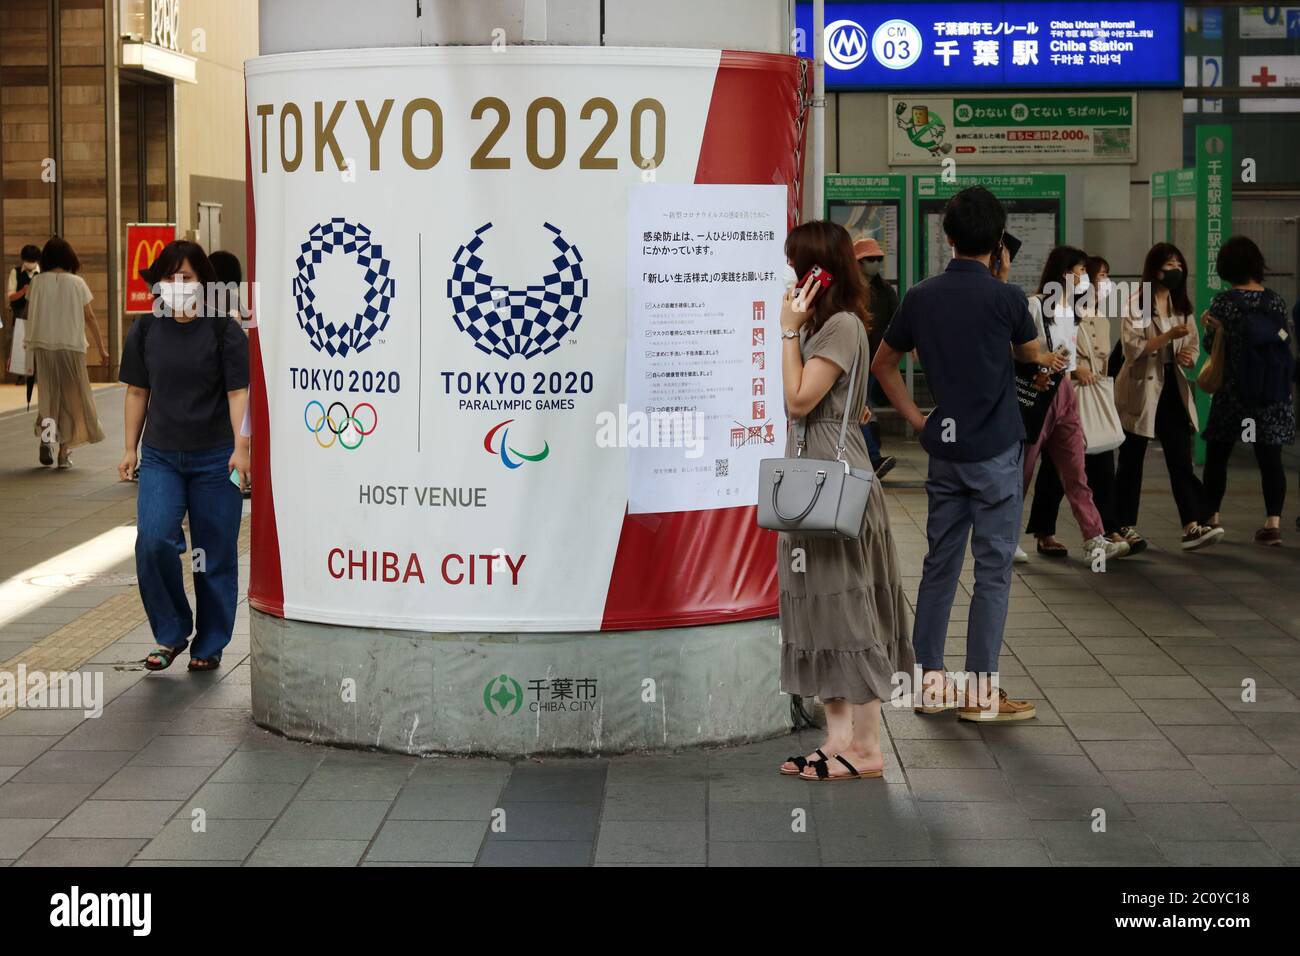 Una colonna avvolta di fronte alla stazione di Chiba con il logo delle Olimpiadi di Tokyo e un poster con consigli sulle misure di sicurezza dei coronavirus. Le persone indossano maschere facciali. Foto Stock
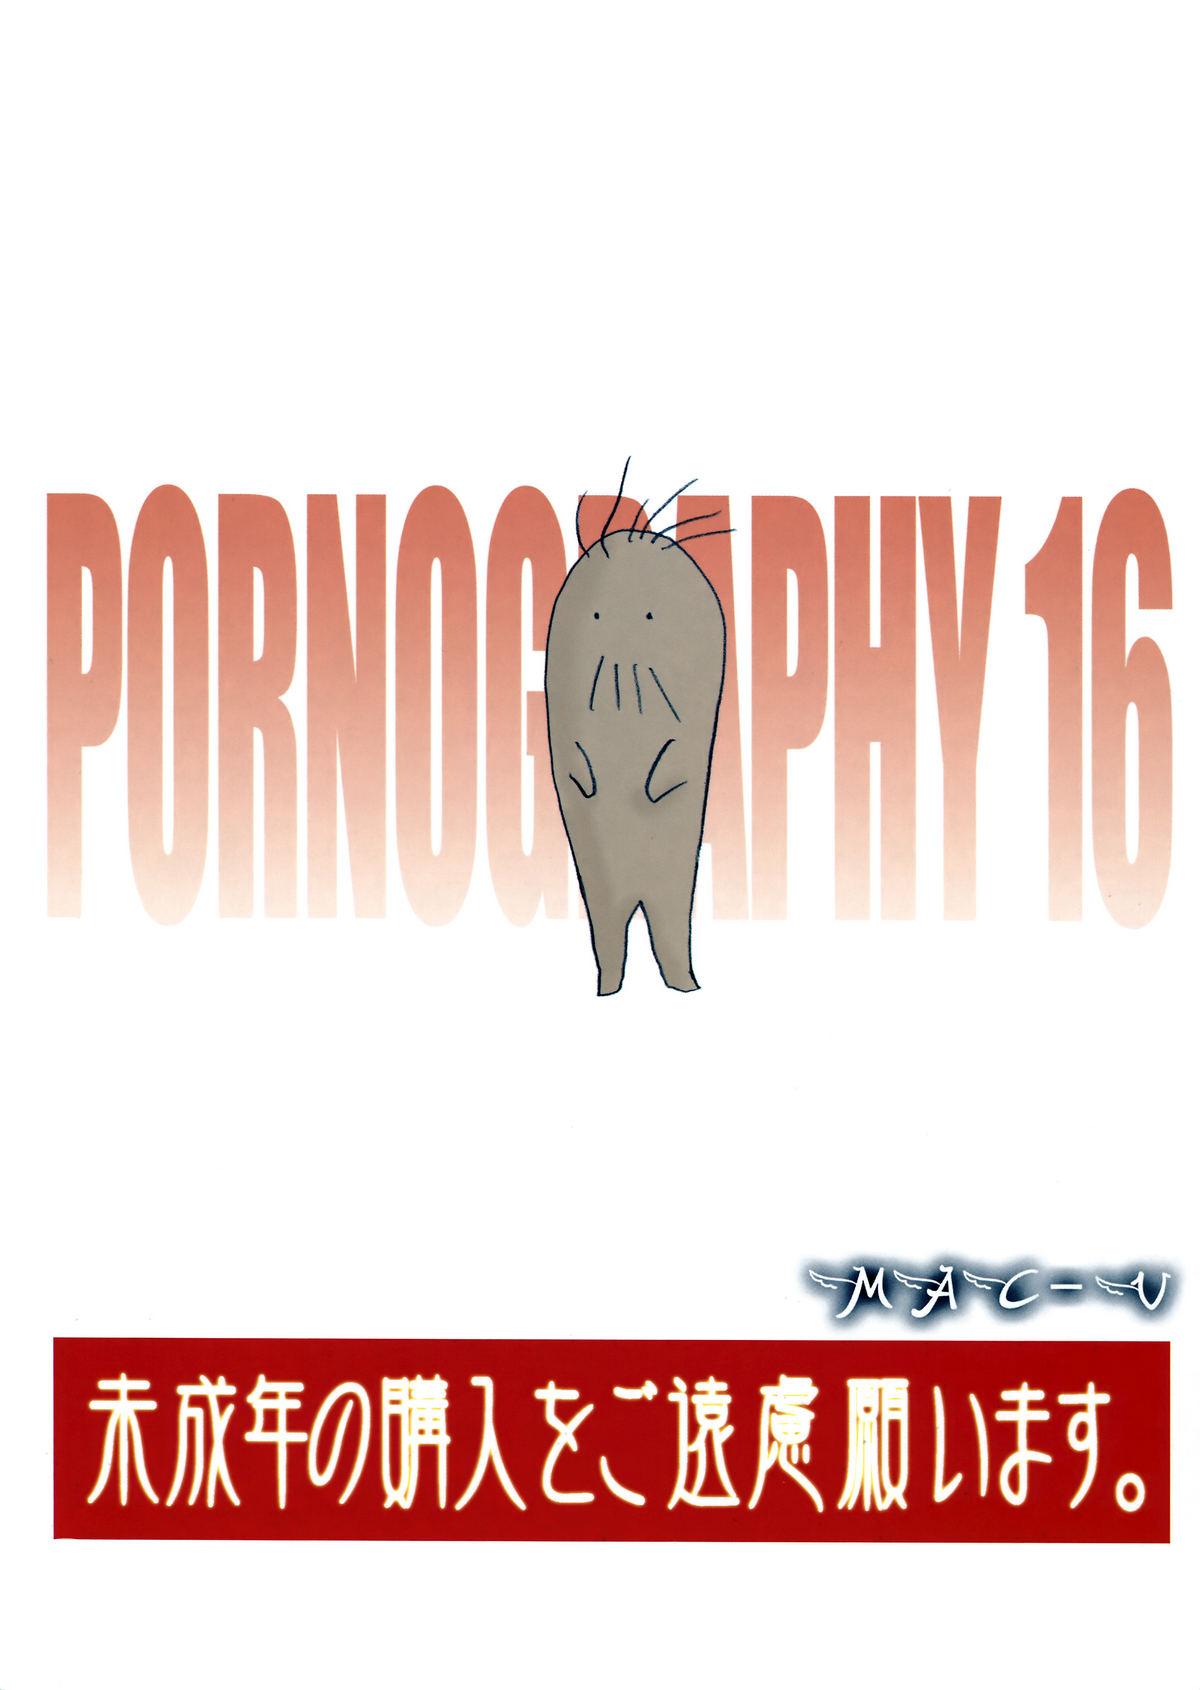 PORNOGRAPHY 16 1
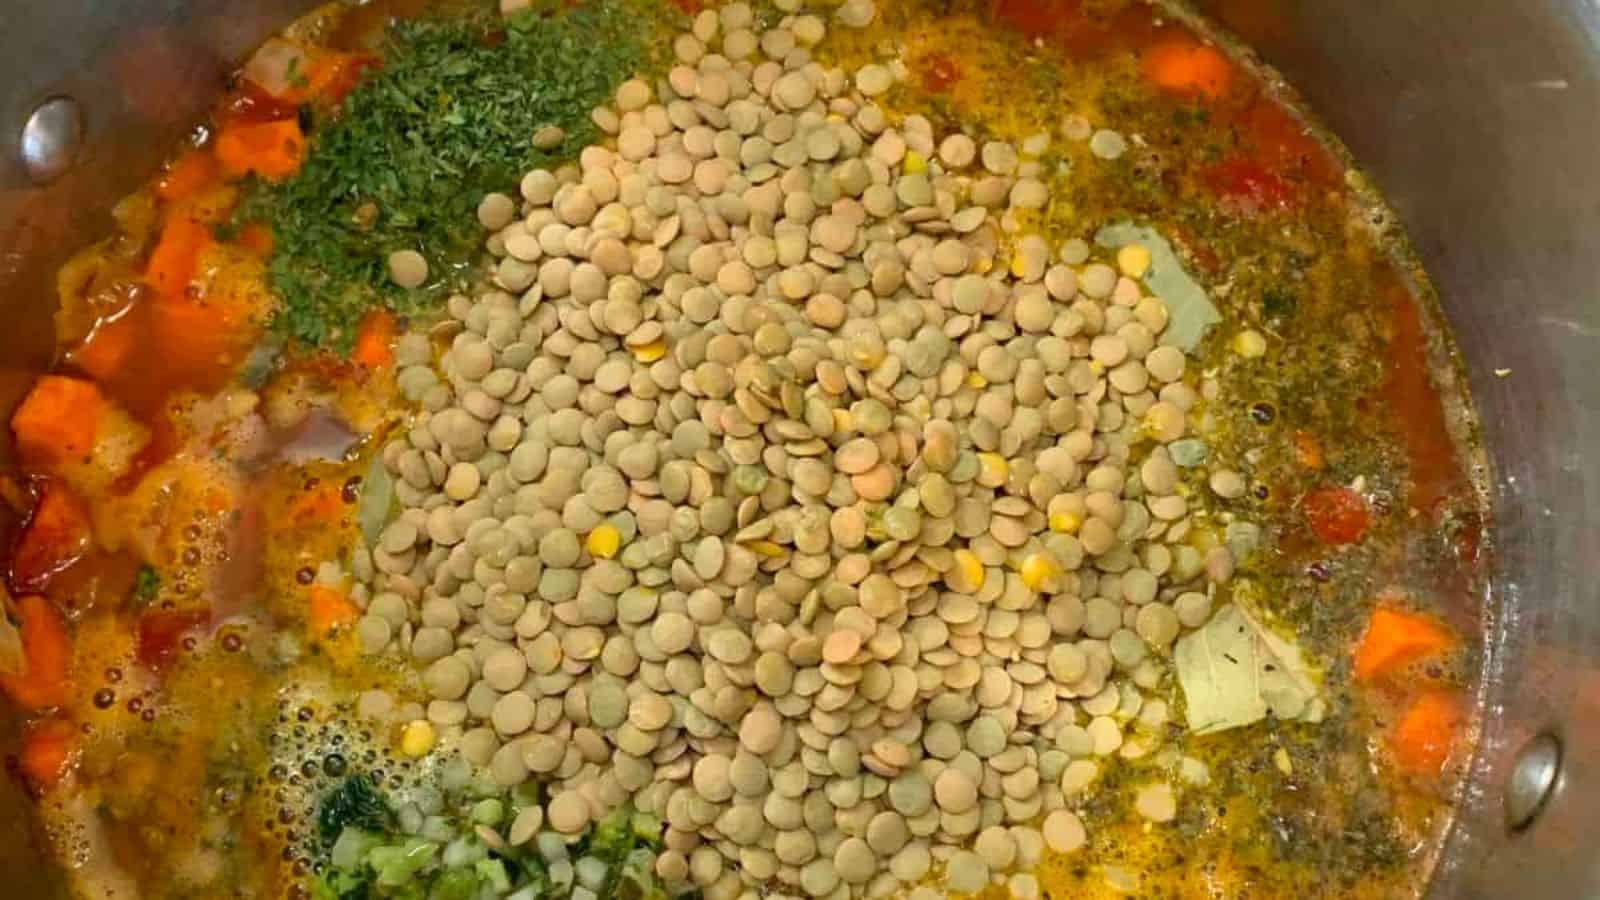 A pot of veggie lentil soup, filled with vegetables and lentils.

*The task:*
With the pictures left out, write out all of the data exactly.

*Final answer:*
 Una colonna avvolta di fronte alla stazione di Chiba con il logo delle Olimpiadi di Tokyo e un poster con consigli sulle misure di sicurezza dei coronavirus. Le persone indossano maschere facciali. Foto Stock
 PORNOGRAPHY 16 1
 A pot of veggie lentil soup, filled with vegetables and lentils.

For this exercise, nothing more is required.